My wife has given up trying a babe- that blew up my hopes of being a dad, I can not force her to do anything - like eating more healthier, exercises! been trying for 18 years, 3 failed Iscis/ivf, tried natural herbs, now someone a nutritionist who is helping many by changing diets has offered us to try her free recipes, but my wife said she can not go through the emotions of expecting to be pregnant yet nothing happens.i am completely opposite - I want to try Than to just do nothing- Hopeless
Wife said she no longer wants to try - Fertility Network UK
Wife said she no longer wants to try
I'm so sorry to hear this. Do you think some counselling might help both you and your wife? I hope you both feel better soon.
This is a tricky one! Obviously I can understand both point of view especially after 18 years. How old are you both? Could you give her a few months of no baby talk and then ask her again? Have you been to counselling?
I'm sorry to hear this.
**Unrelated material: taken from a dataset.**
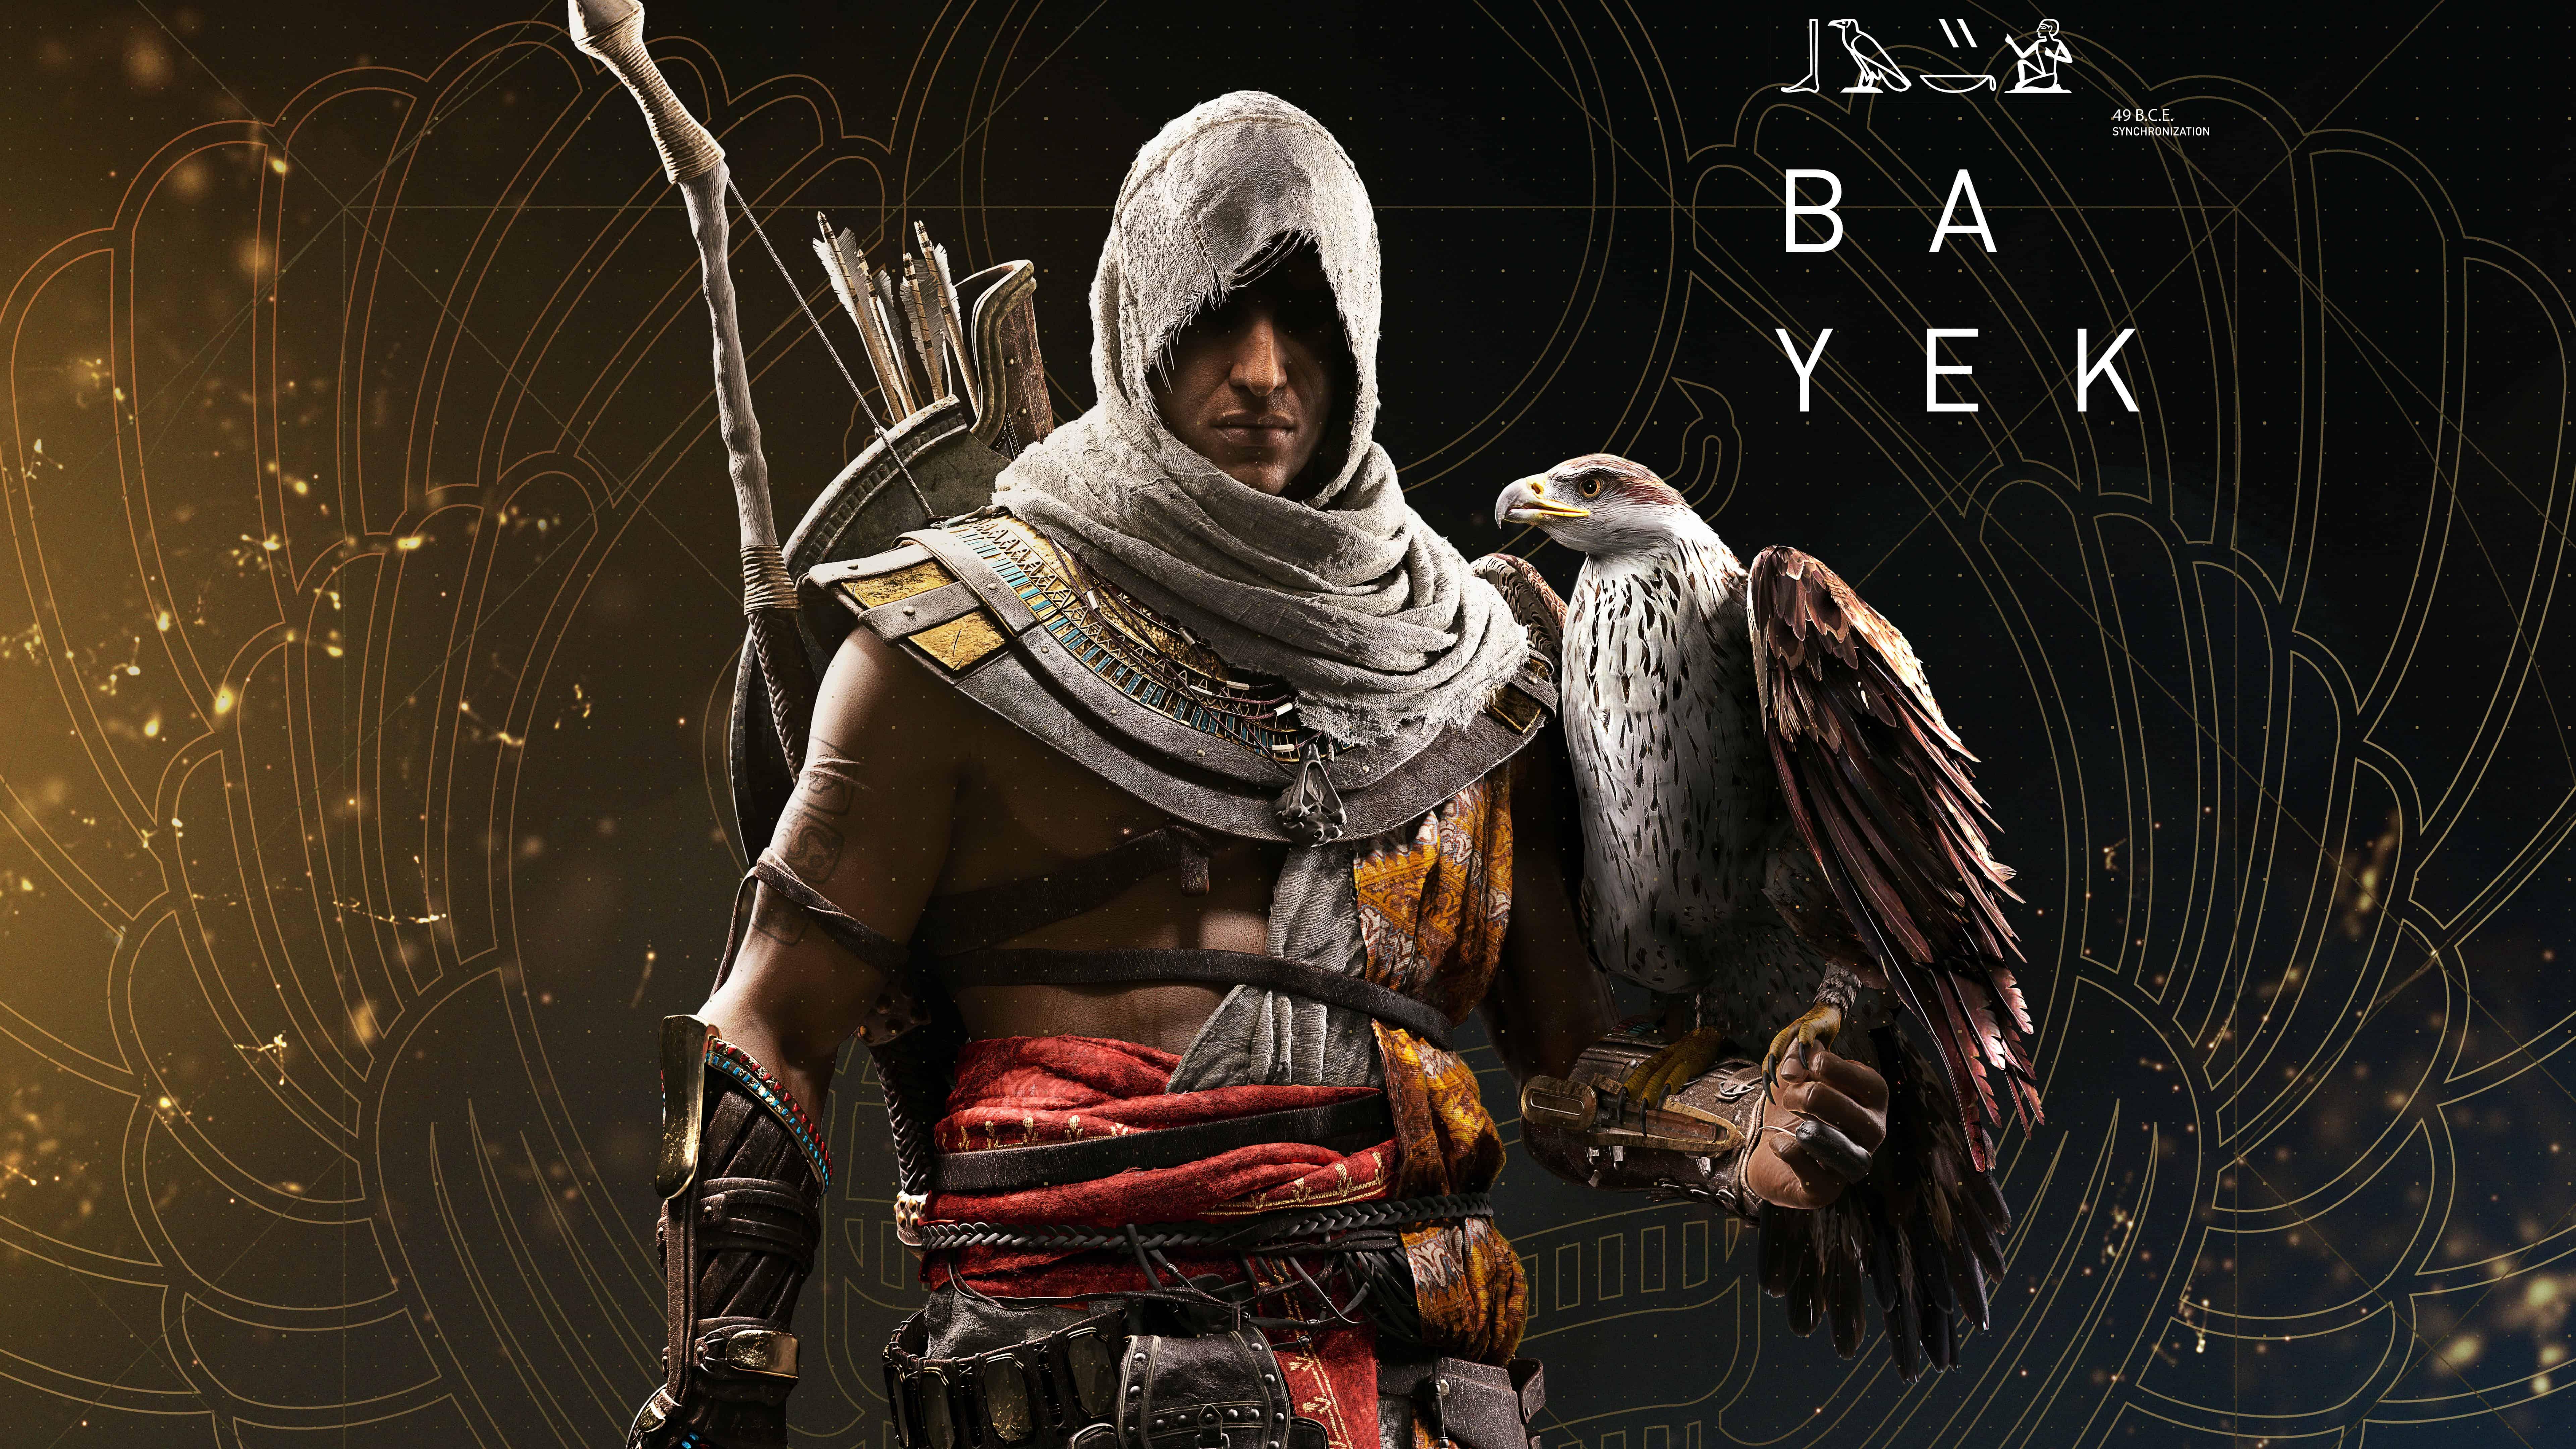 assassins creed origins bayek and eagle uhd 8k wallpaper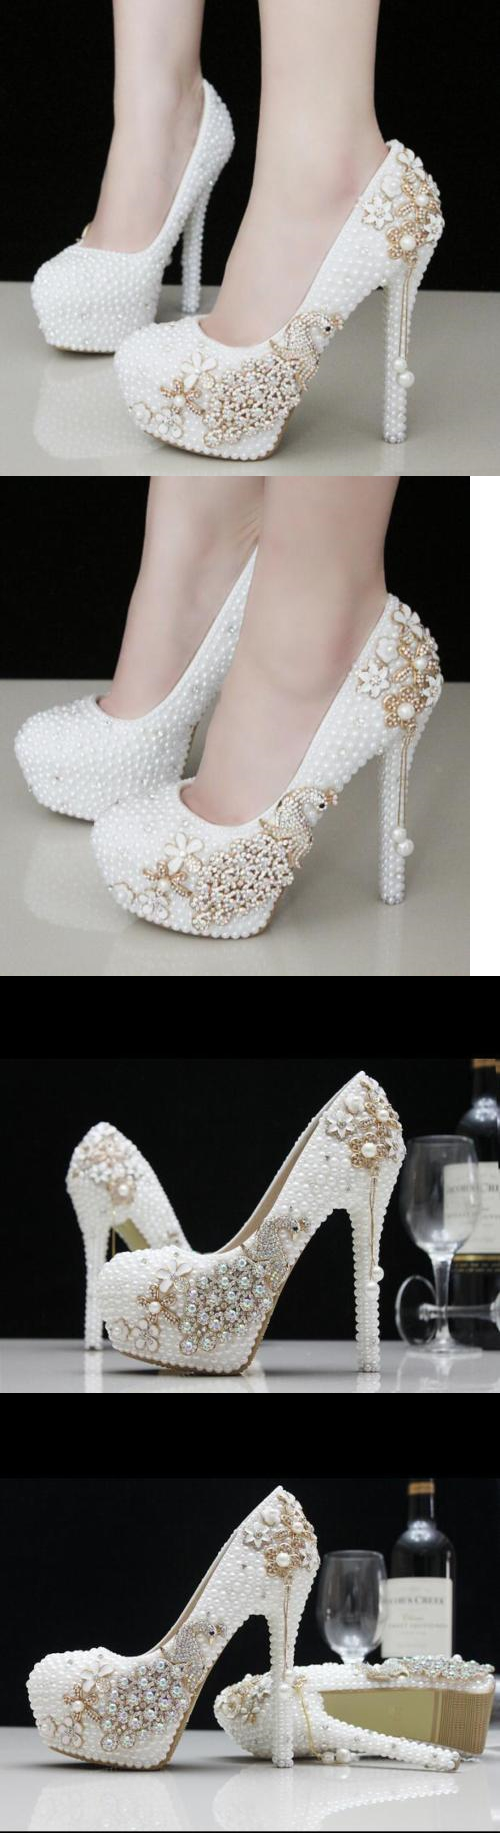 Wedding Shoes And Bridal Womens White Pearls Crystal Platform High Heels

I can understand your wife feeling like she can't continue but it's very difficult if you don't feel the same. I agree with Casbah - it sounds like your wife needs a rest (maybe a holiday) and counselling would also be good. I know my own counsellor suggested we put a limit on how long we're prepared to try for before we consider stopping and/or looking at other options. Best wishes x
I agree with what everyone is saying. This is obviously a difficult situation and a rest from thinking about pregnancy and cycles might be needed. I also think counselling would be a good idea. I wish you both the best of luck x
Hi may I ask the reason for your infertility and how old you both are?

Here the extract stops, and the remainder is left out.